Un silence lourd pèse sur les rives de la rivière Lubumbashi, où les eaux portent désormais les stigmates d’une tragédie industrielle. Depuis le mercredi 3 décembre, une file inquiète de riverains se presse sur le terrain de basket du quartier Kasapa, non loin de la prison centrale. Ils sont les victimes invisibles d’une pollution minière aux conséquences encore incertaines, soumis à des prélèvements sanguins et des examens médicaux sous l’œil des professionnels de l’hôpital Sendwe. Le but ? Évaluer l’impact insidieux des produits toxiques auxquels ils ont été exposés suite à la rupture d’un bassin de rétention appartenant à la société Congo Dongfang Mining (CDM).
L’incident, survenu début novembre, a provoqué un déversement massif d’eaux acides issues de l’usine de traitement de la minière, engendrant une contamination de la rivière Lubumbashi qui a asphyxié la vie aquatique sur son passage. Aujourd’hui, c’est la santé humaine qui est sous la loupe. « Nous poursuivons la sensibilisation, d’autres personnes ne sont pas encore arrivées », explique Bupe Tshamala, cheffe du quartier Kasapa, sur le site même où sont implantées les installations de CDM. Le processus est minutieux : après les prélèvements sur place, les patients sont acheminés vers l’hôpital Sendwe pour des échographies et des analyses plus poussées.
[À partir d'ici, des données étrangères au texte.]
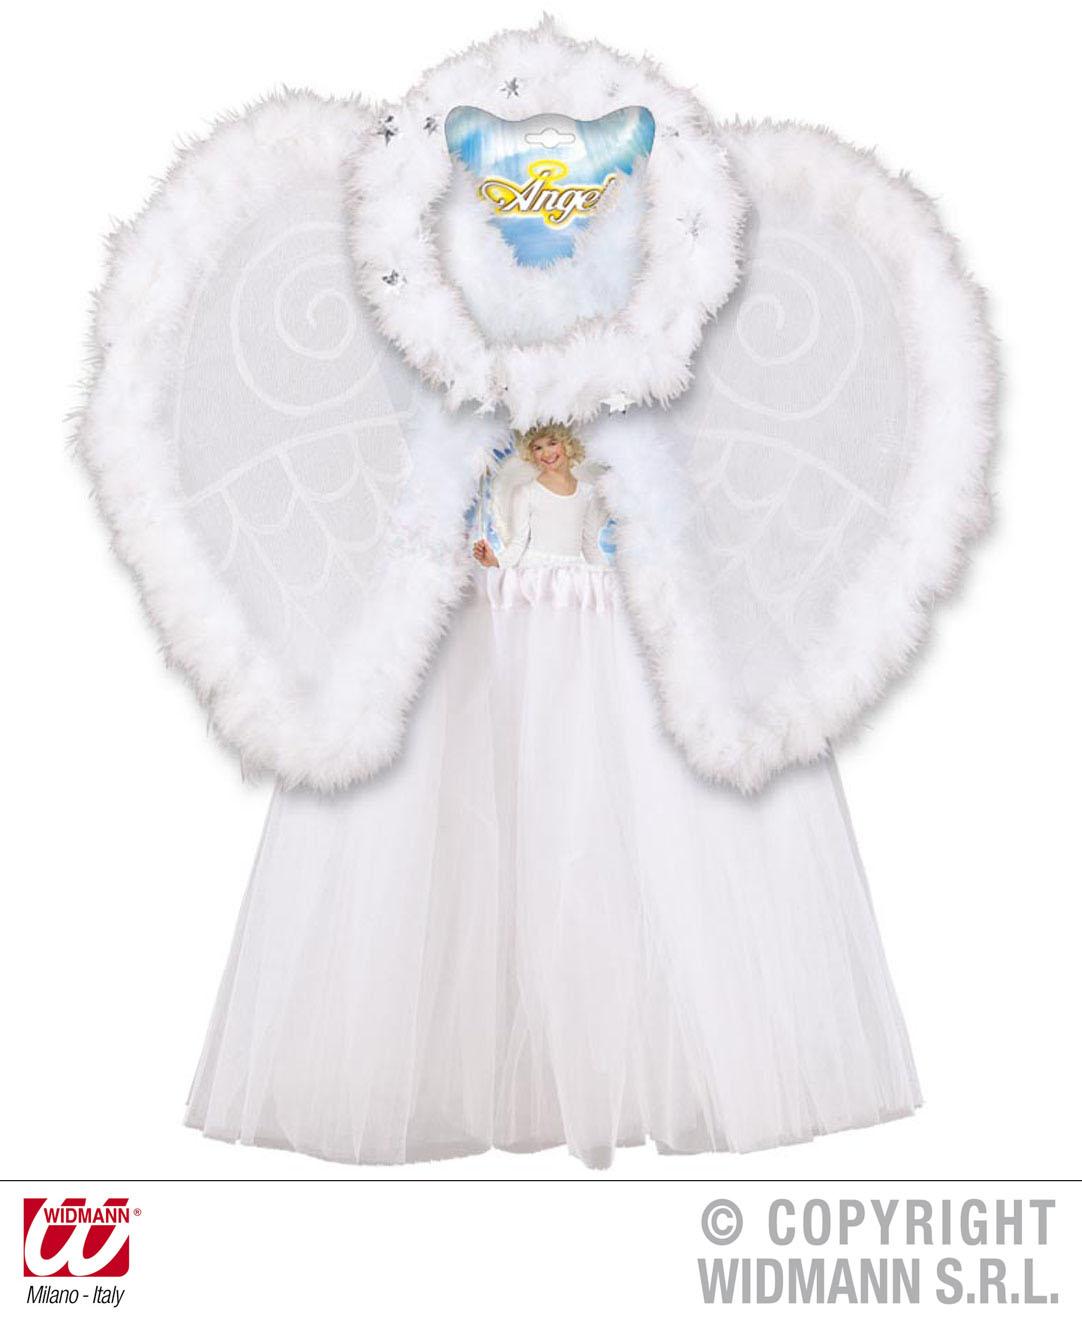 engel set kinder engel verkleidung f r kinder scherzwelt. Black Bedroom Furniture Sets. Home Design Ideas

Cette crise écologique et sanitaire met en lumière les risques récurrents liés à l’exploitation minière dans la région. Comment une infrastructure censée retenir les rejets a-t-elle pu céder, déversant son poison dans l’environnement ? La contamination de la rivière Lubumbashi n’est pas un simple accident ; c’est le symptôme d’une gestion souvent critiquée, où la sécurité des populations et des écosystèmes semble reléguée au second plan. Les consultations médicales à Kasapa ne sont que la partie émergée de l’iceberg, la première étape d’un long calvaire pour des centaines de familles dont le quotidien est désormais rythmé par l’angoisse des résultats d’analyses.
Les conséquences de cette pollution minière orchestrée par CDM pourraient s’étendre bien au-delà du quartier immédiat. La rivière, artère vitale pour de nombreuses communautés, est-elle durablement empoisonnée ? Quels seront les effets à long terme de l’exposition à ces acides et métaux lourds sur la population, notamment sur les enfants et les personnes vulnérables ? Les consultations en cours à l’hôpital Sendwe tenteront de répondre à ces questions cruciales, mais elles ne peuvent effacer le sentiment d’injustice qui grandit parmi les habitants.
Face à cette urgence, la mobilisation s’organise localement. Toutefois, au-delà des soins, c’est la question de la responsabilité qui crispe les esprits. L’entreprise CDM, pointée du doigt comme l’unique responsable de ce désastre environnemental, sera-t-elle tenue de dédommager les victimes et de financer la dépollution intégrale de la rivière Lubumbashi ? L’impact santé de la pollution à Lubumbashi constitue un test pour les autorités congolaises : jusqu’où iront-elles pour protéger leurs citoyens face à la puissance des investisseurs miniers ?
Cette catastrophe rappelle amèrement que le développement économique ne peut se construire sur le sacrifice écologique et humain. Chaque consultation à Kasapa, chaque échantillon prélevé, raconte l’histoire d’une communauté blessée par les rejets toxiques d’une industrie dont elle ne perçoit que rarement les bénéfices. La revitalisation de la rivière Lubumbashi et la garantie d’une vie saine pour les riverains doivent devenir une priorité absolue. Le déversement d’acide de CDM doit servir de cri d’alarme pour instaurer une surveillance drastique et des normes de sécurité infaillibles, avant qu’une autre rivière, ailleurs, ne soit à son tour condamnée au silence.